§ What is required
Copy without pictures. Please restate each line of the listing exactly.

§ Given data
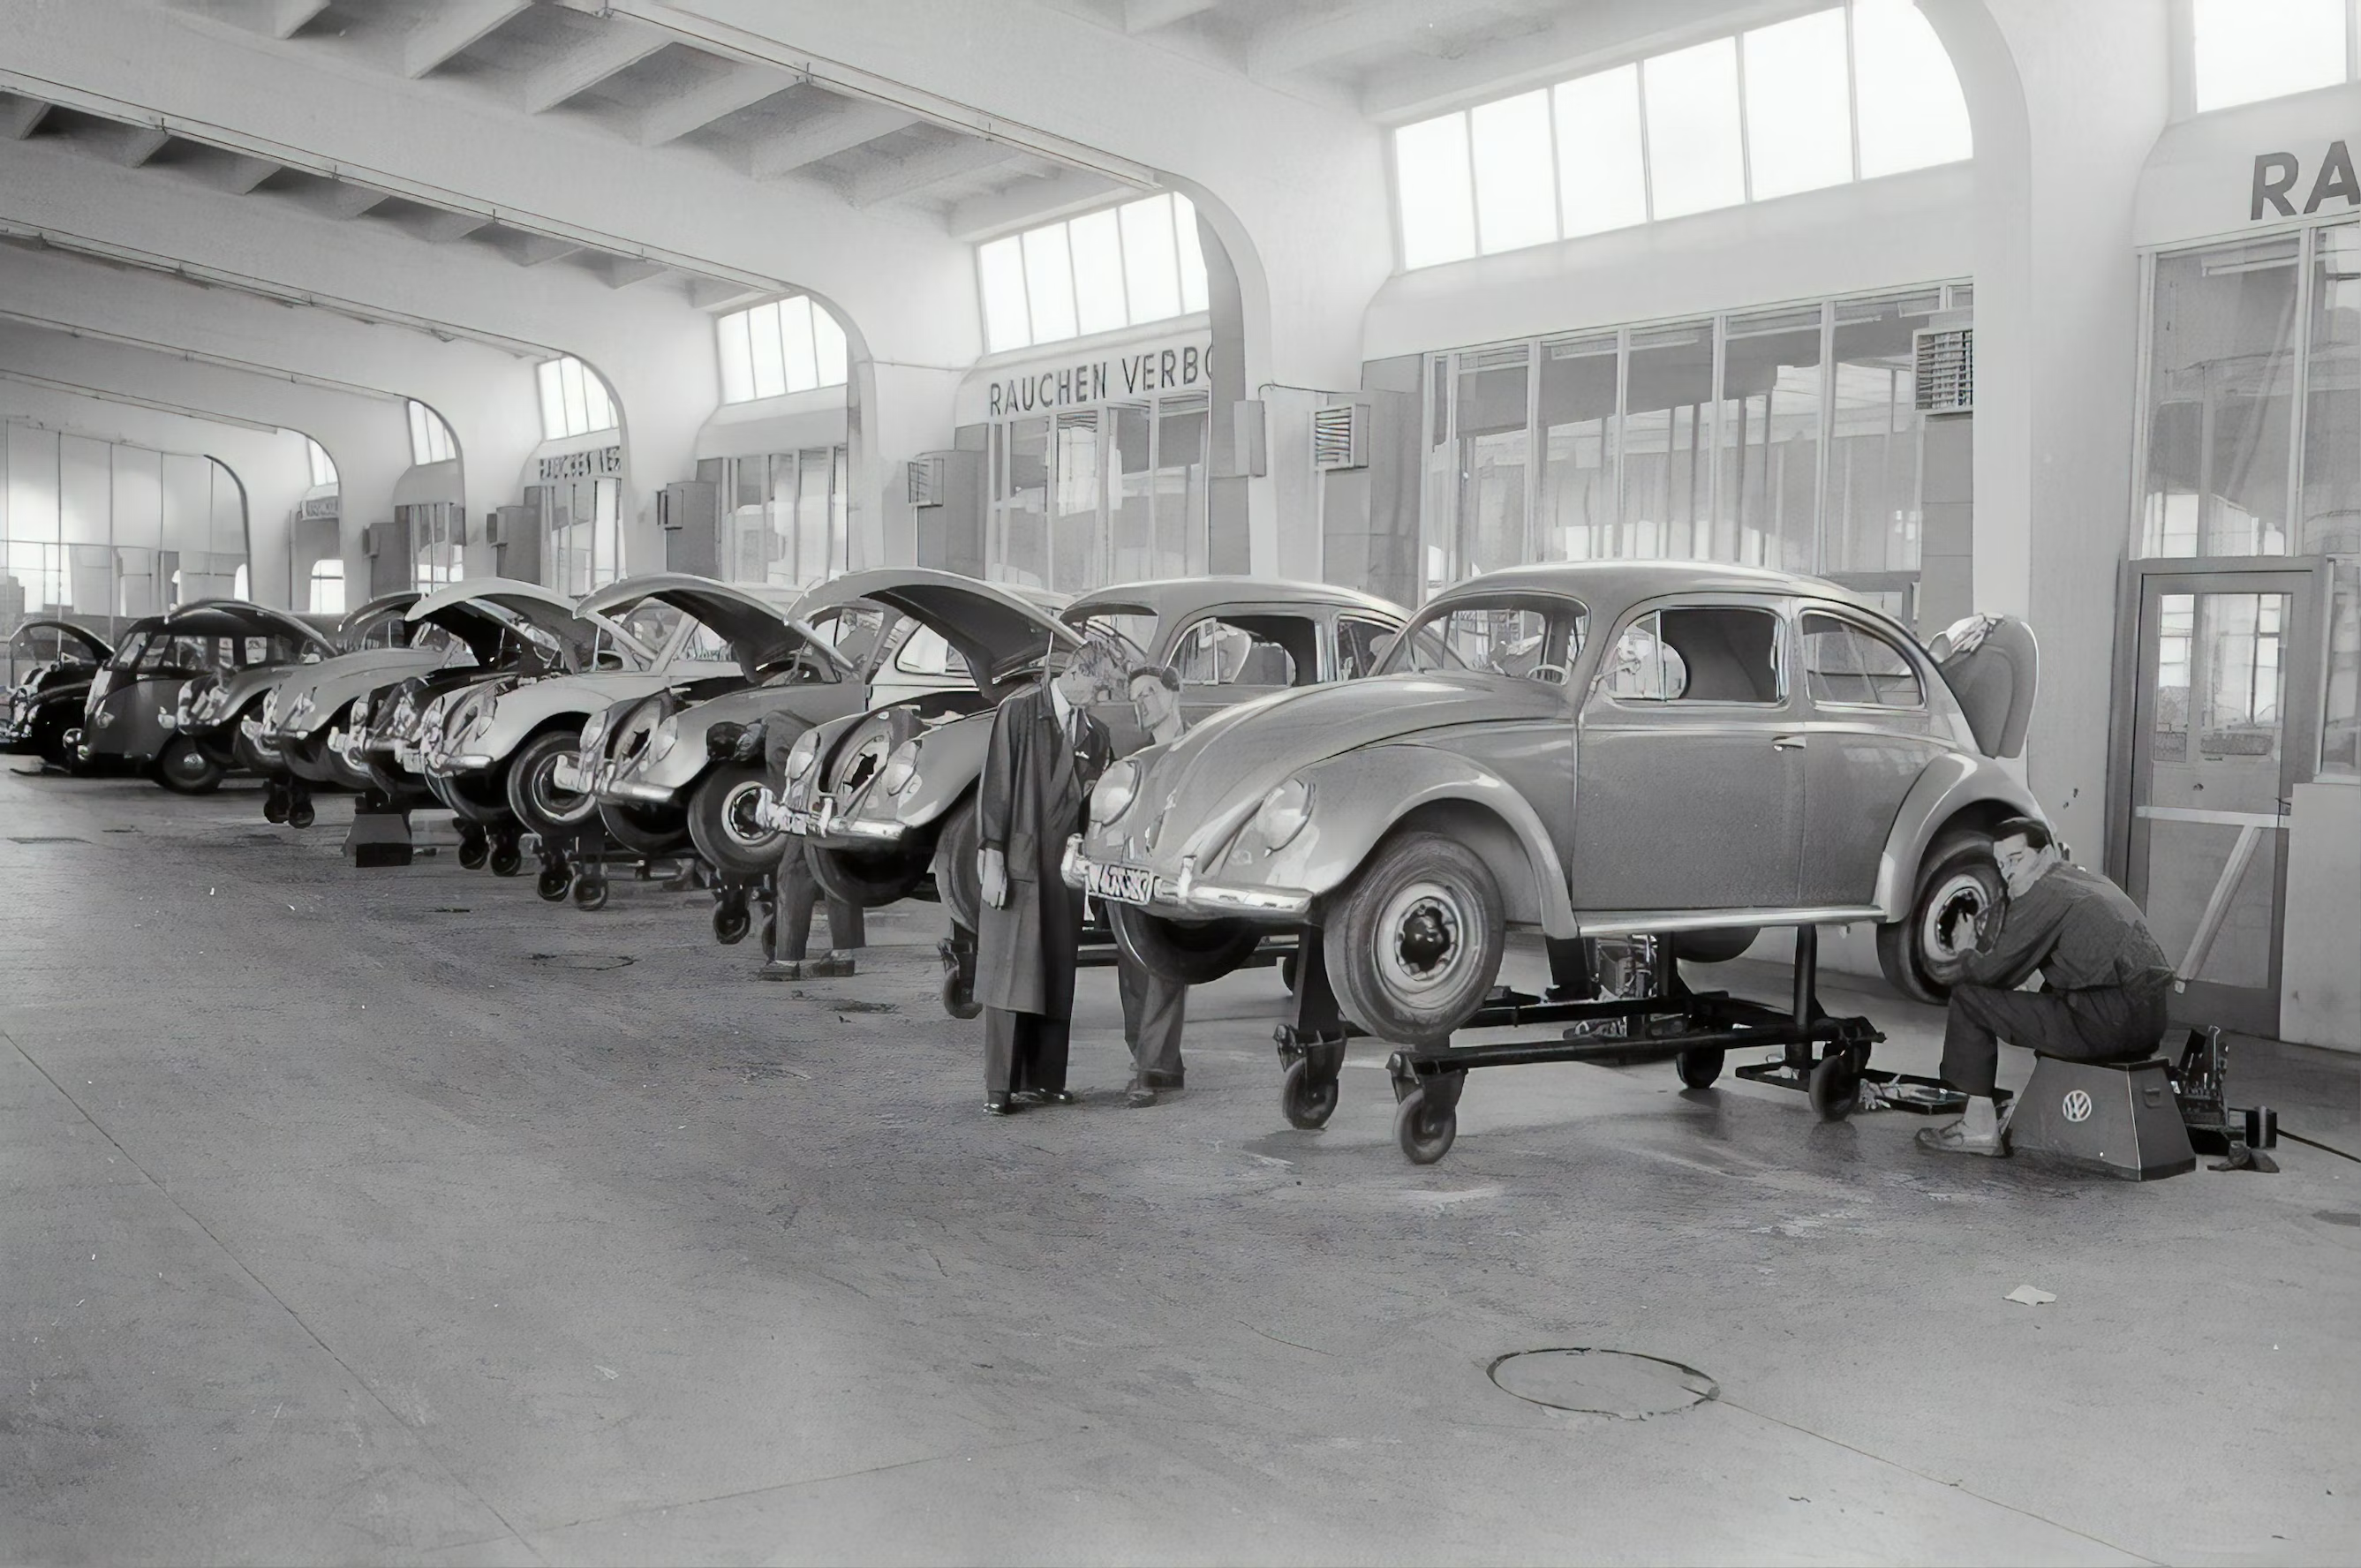 A VW Beetle assembly line - Credits to the Austrian National Library
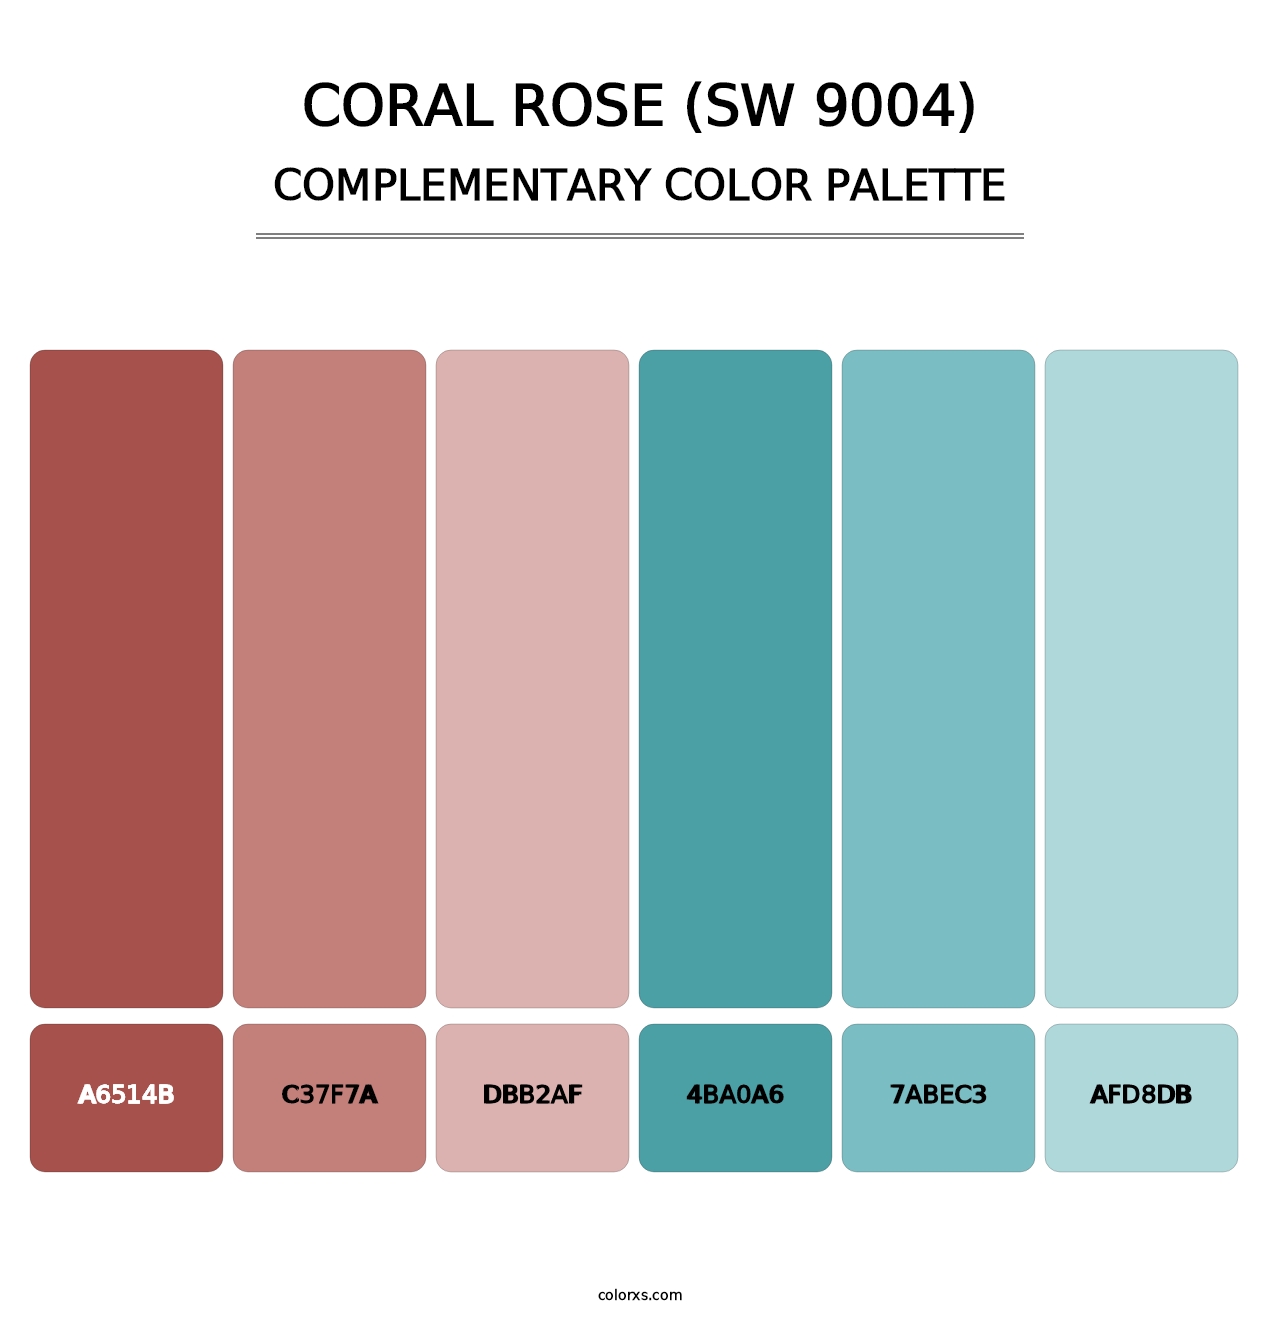 Coral Rose (SW 9004) - Complementary Color Palette
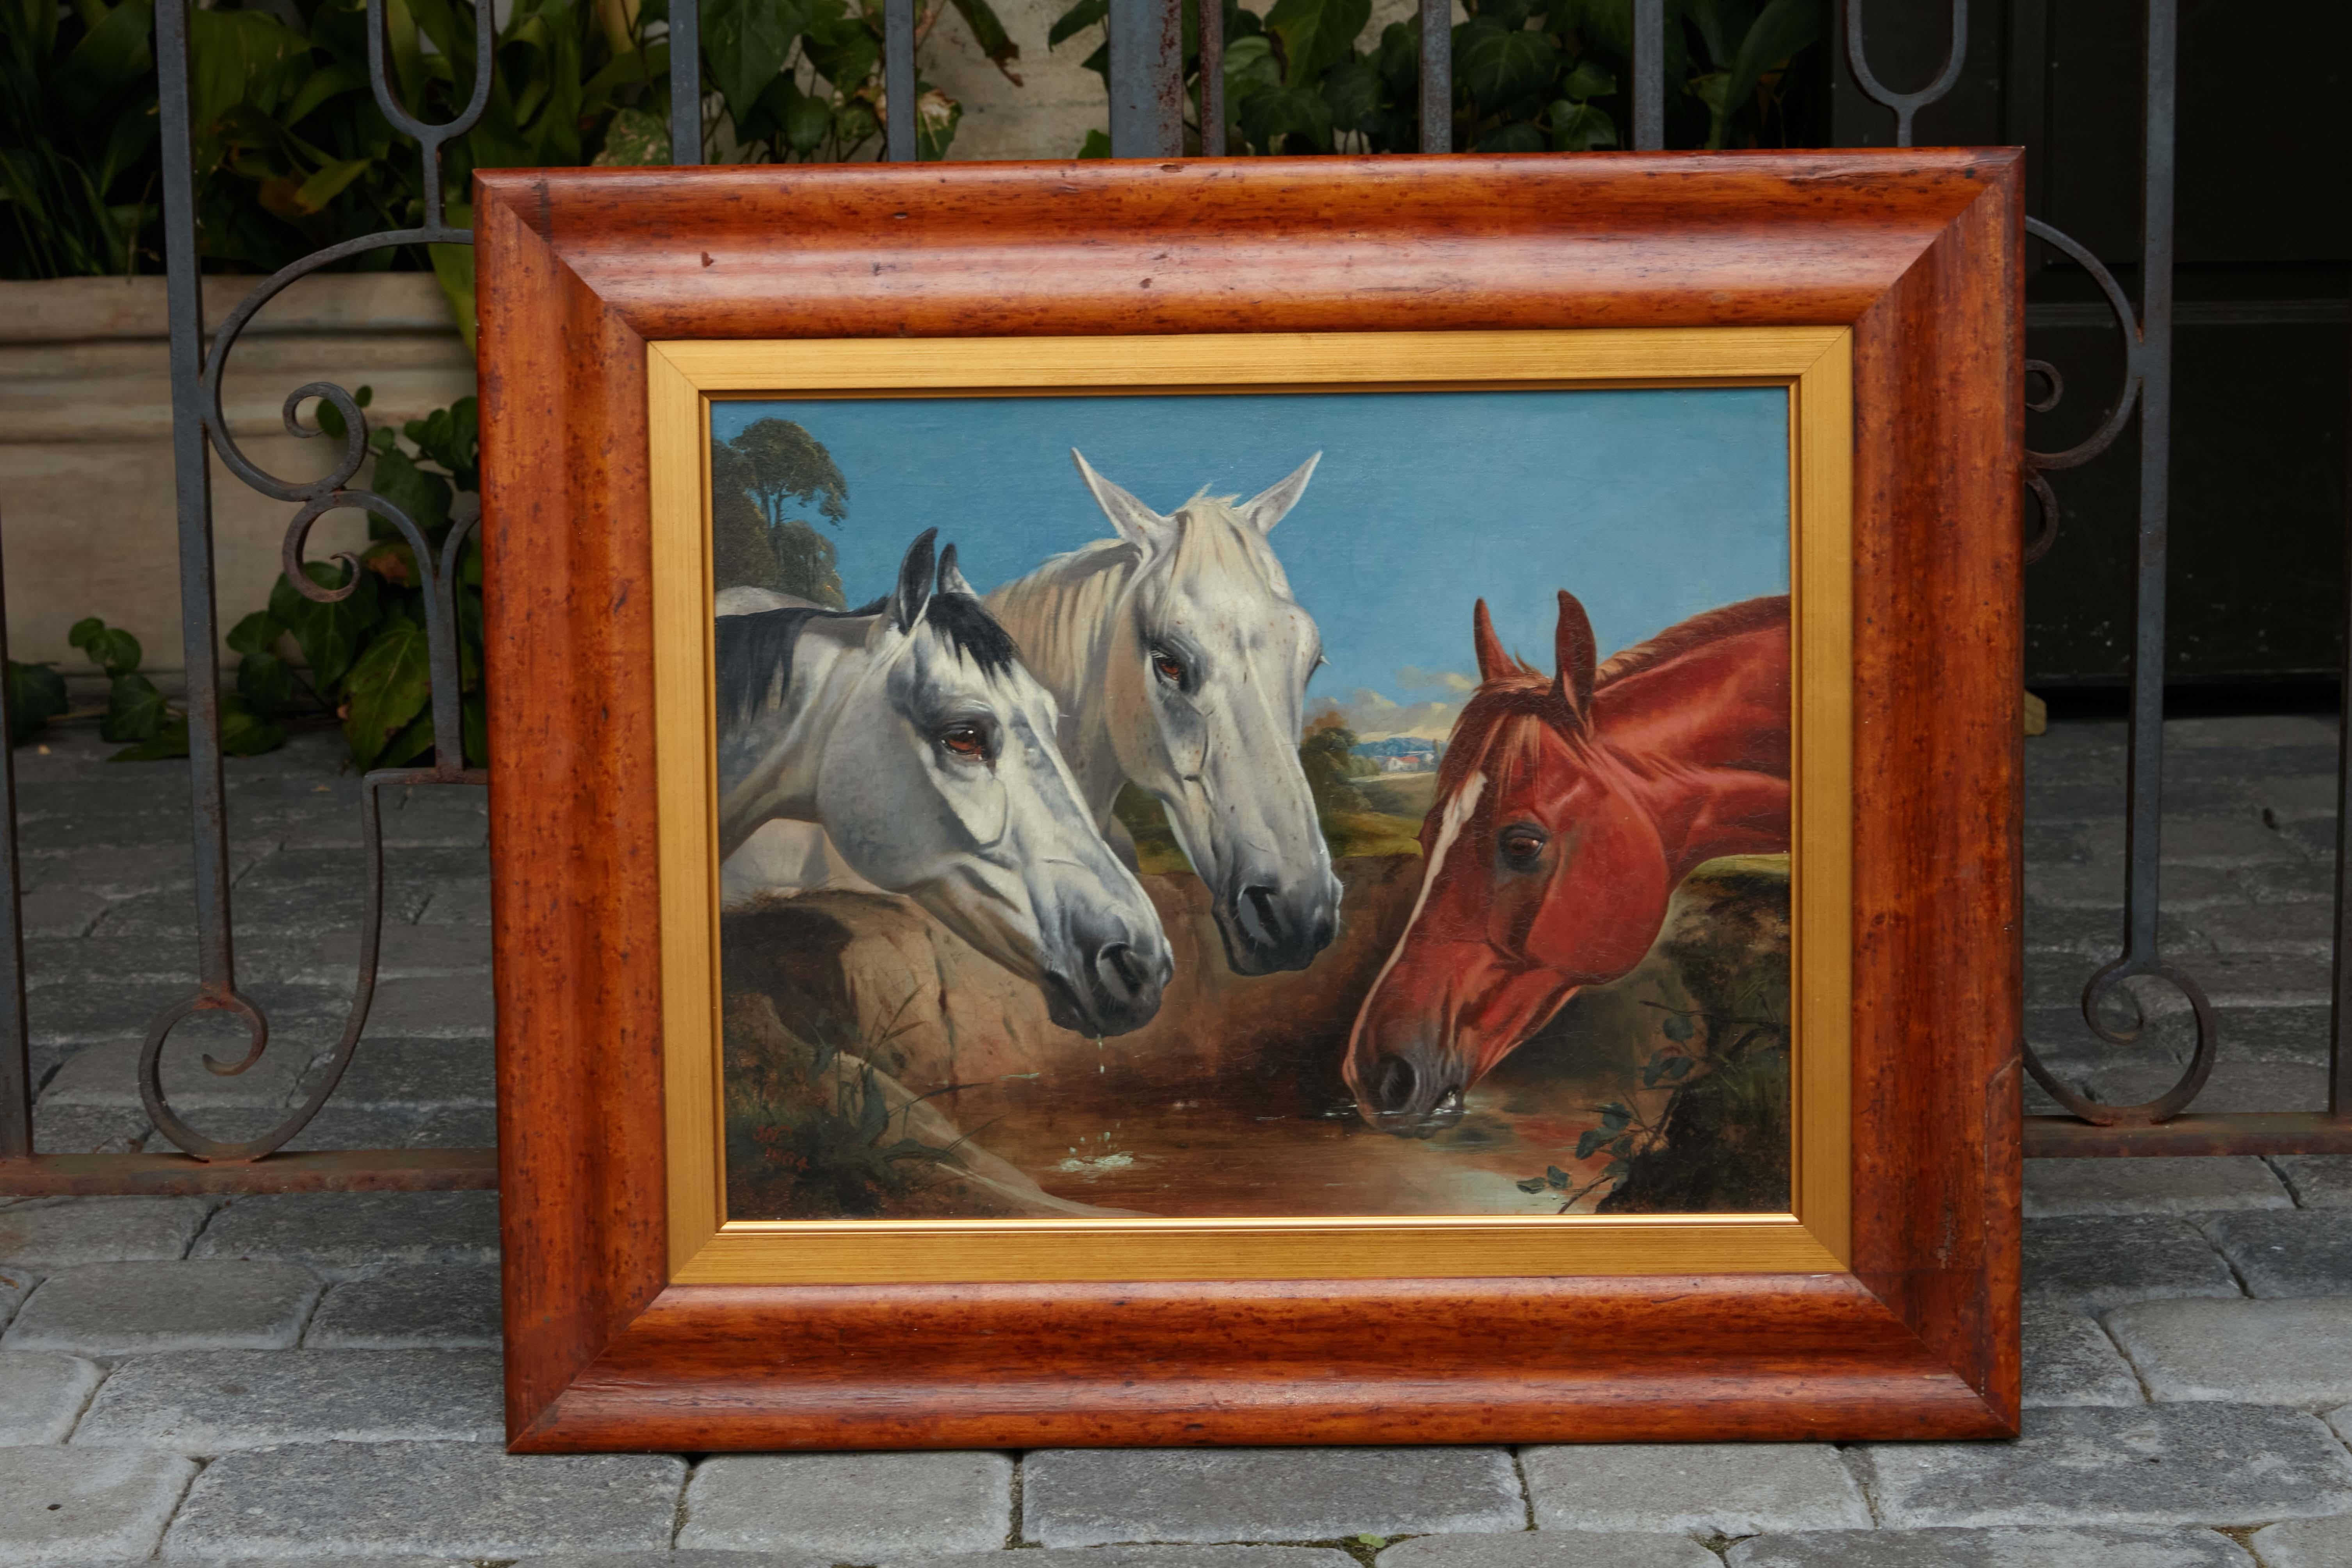 An English oil on board equestrian painting from the 19th century by John Alfred Wheeler (1821-1903) titled

§ Solution
 A VW Beetle assembly line - Credits to the Austrian National Library
 Coral Rose (SW 9004) - Complementary Color Palette
 An English oil on board equestrian painting from the 19th century by John Alfred Wheeler (1821-1903) titled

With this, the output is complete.